• _Input data_:
BEGIN
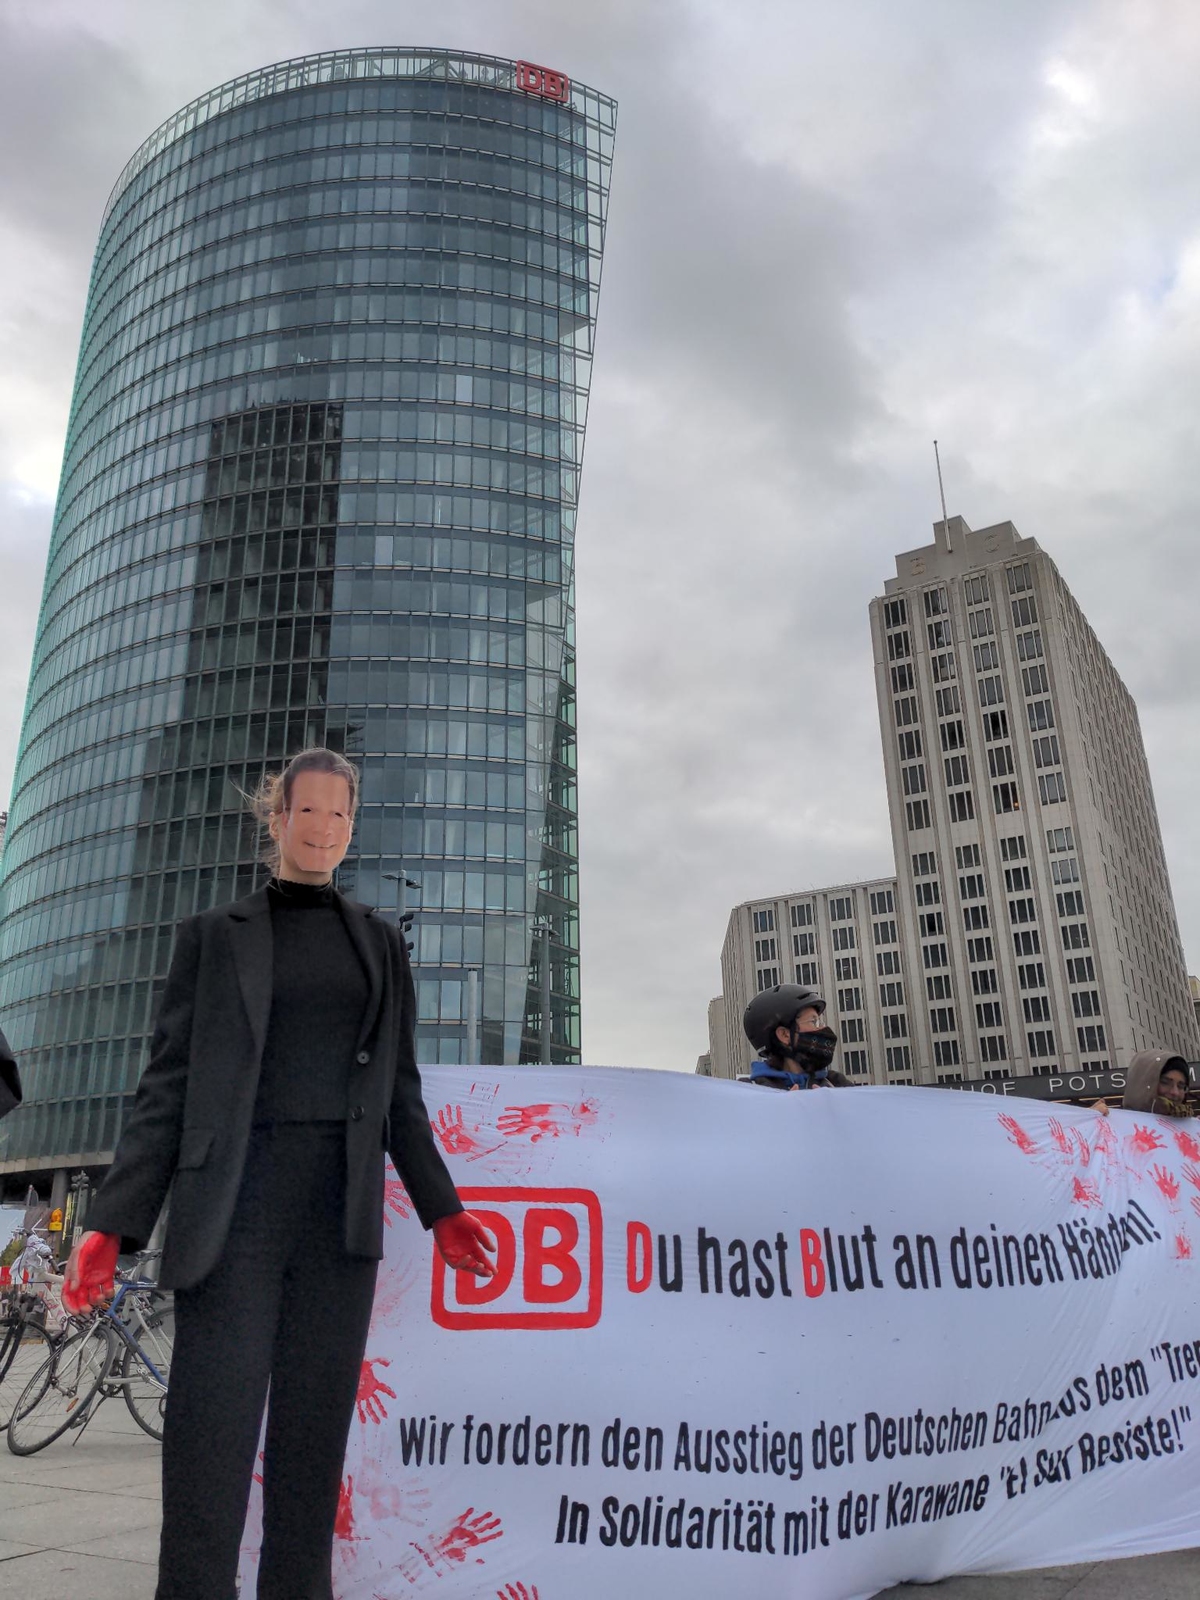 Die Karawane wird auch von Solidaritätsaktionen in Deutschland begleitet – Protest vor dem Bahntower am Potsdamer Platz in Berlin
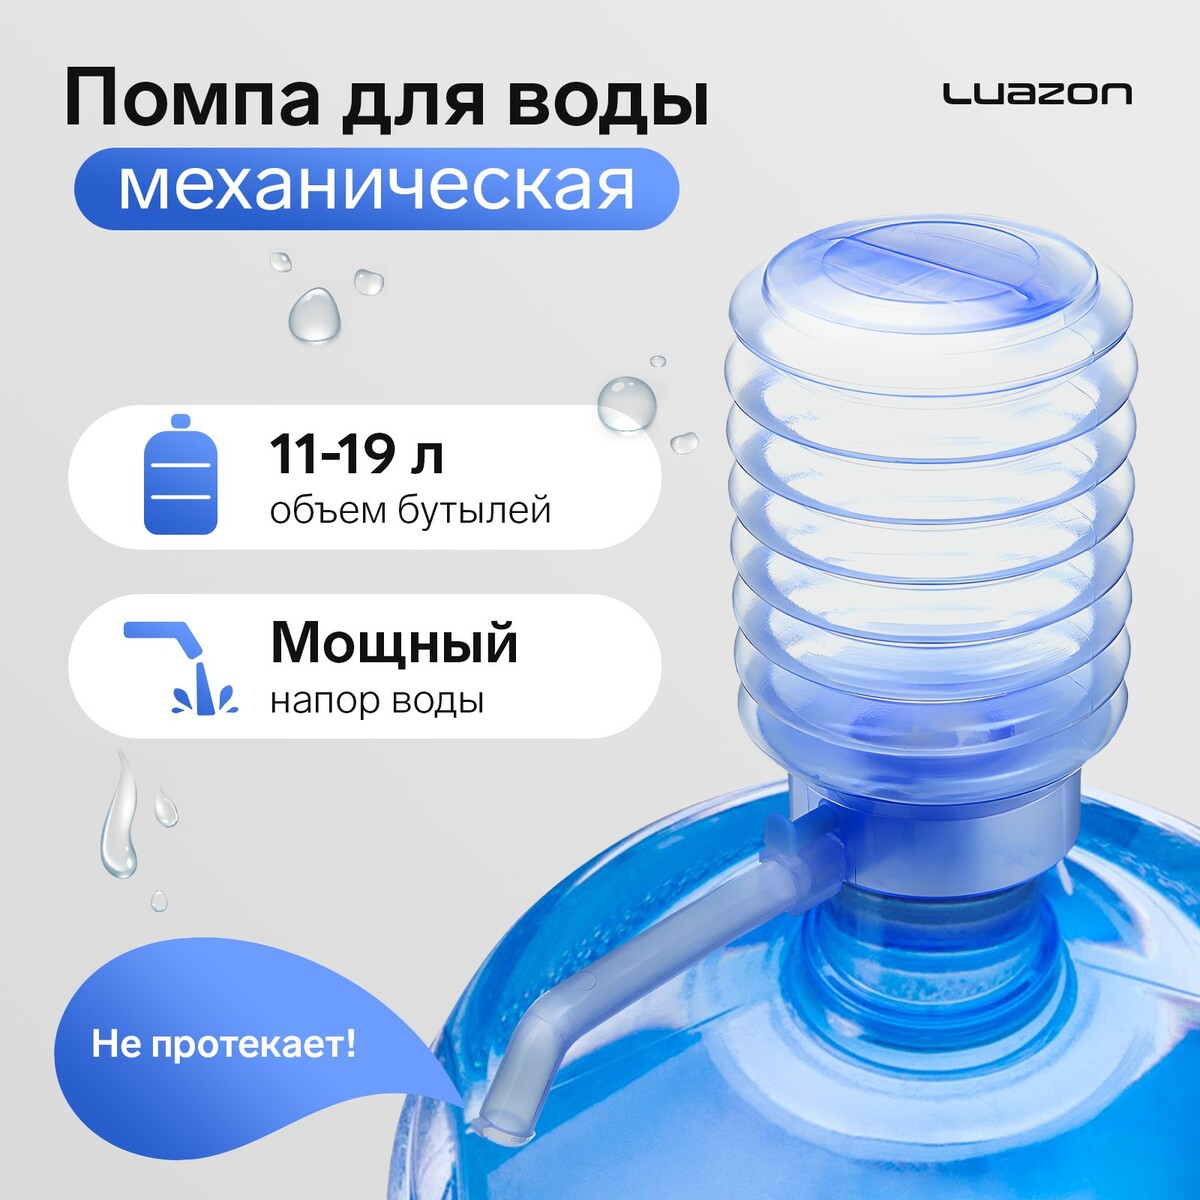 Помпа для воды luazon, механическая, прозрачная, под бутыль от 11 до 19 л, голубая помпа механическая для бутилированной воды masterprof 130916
END
BEGIN
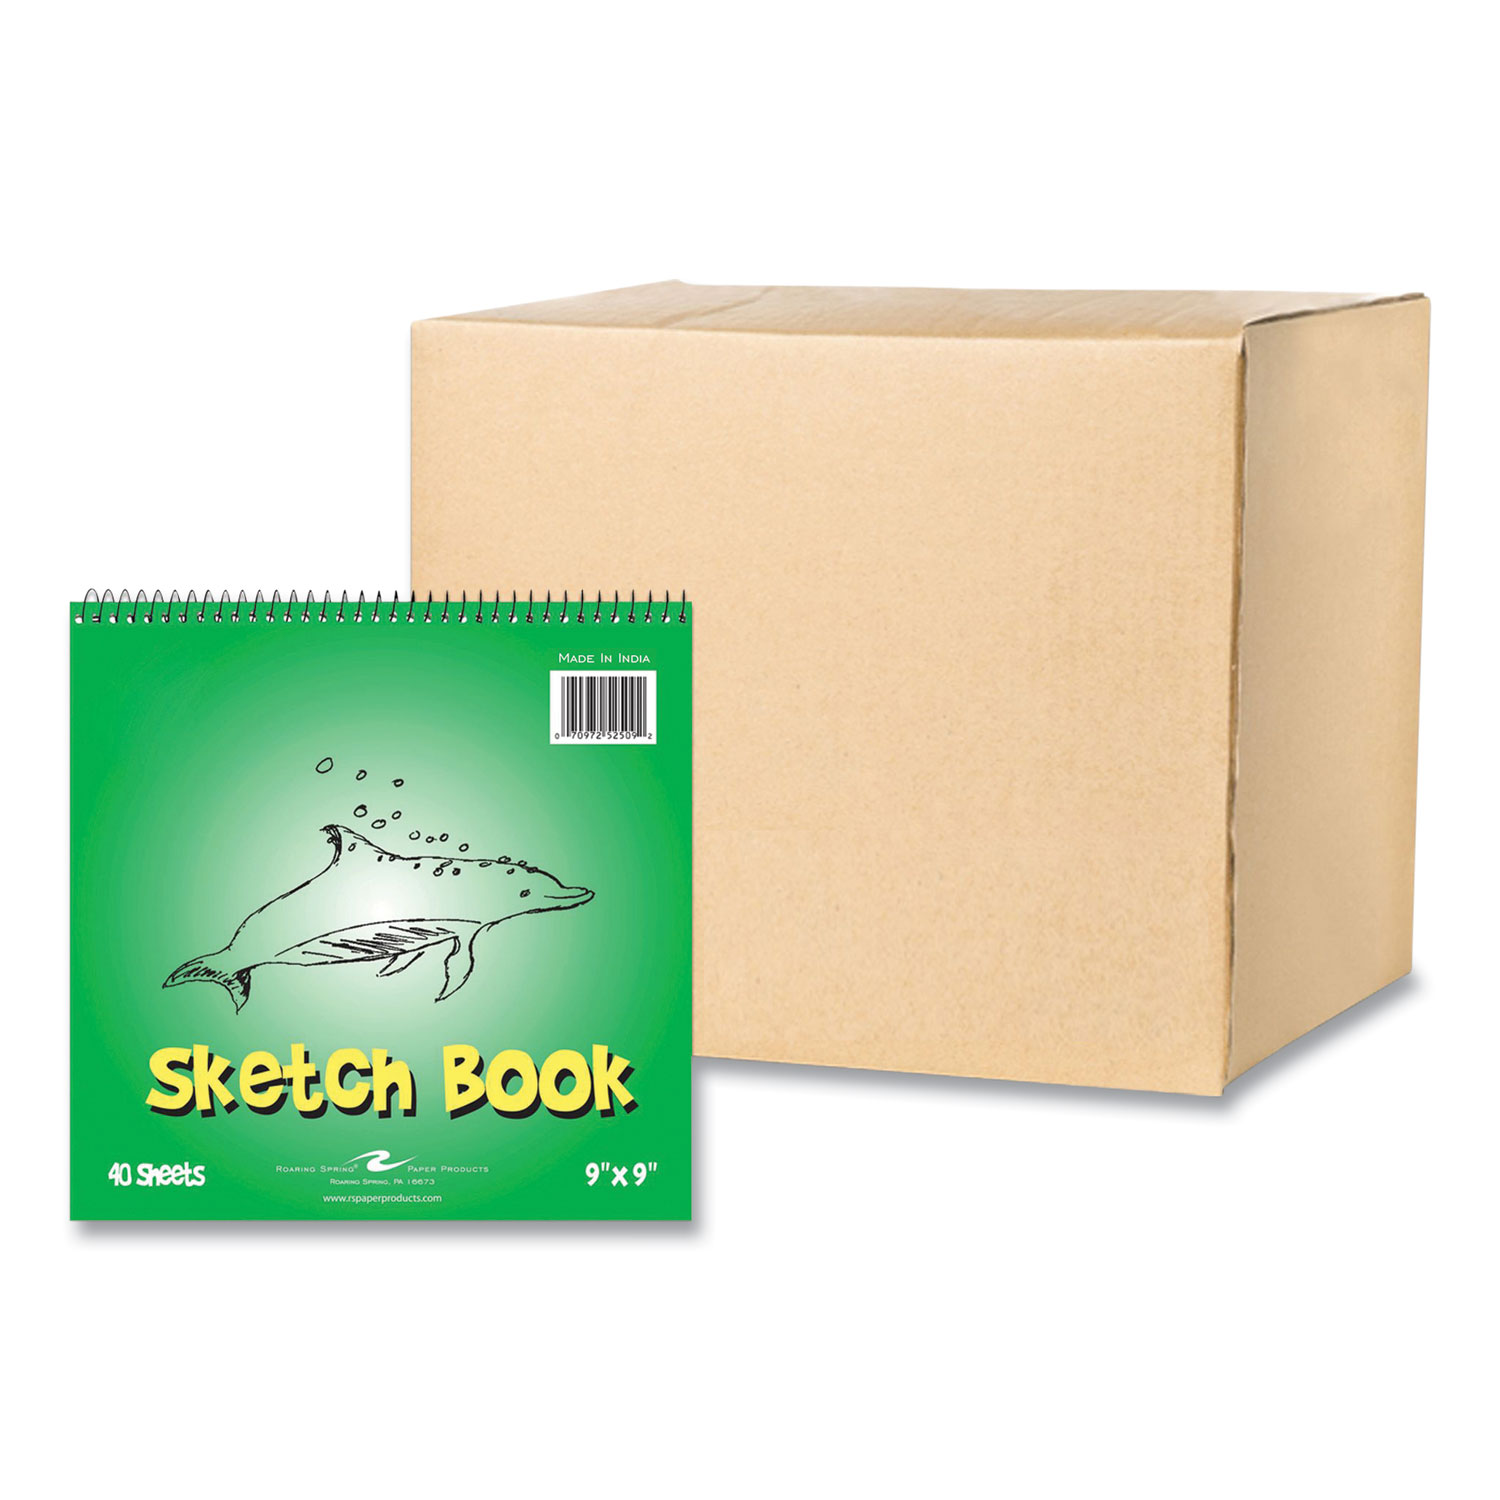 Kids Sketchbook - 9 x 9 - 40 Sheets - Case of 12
END
• _The task_:
Return, exactly as they stand, the lines above from the one with "Die Karawane wird" to the one with "Помпа для воды", omitting any pictures among them.

• _Reply to the task_:
 Die Karawane wird auch von Solidaritätsaktionen in Deutschland begleitet – Protest vor dem Bahntower am Potsdamer Platz in Berlin
 Помпа для воды luazon, механическая, прозрачная, под бутыль от 11 до 19 л, голубая помпа механическая для бутилированной воды masterprof 130916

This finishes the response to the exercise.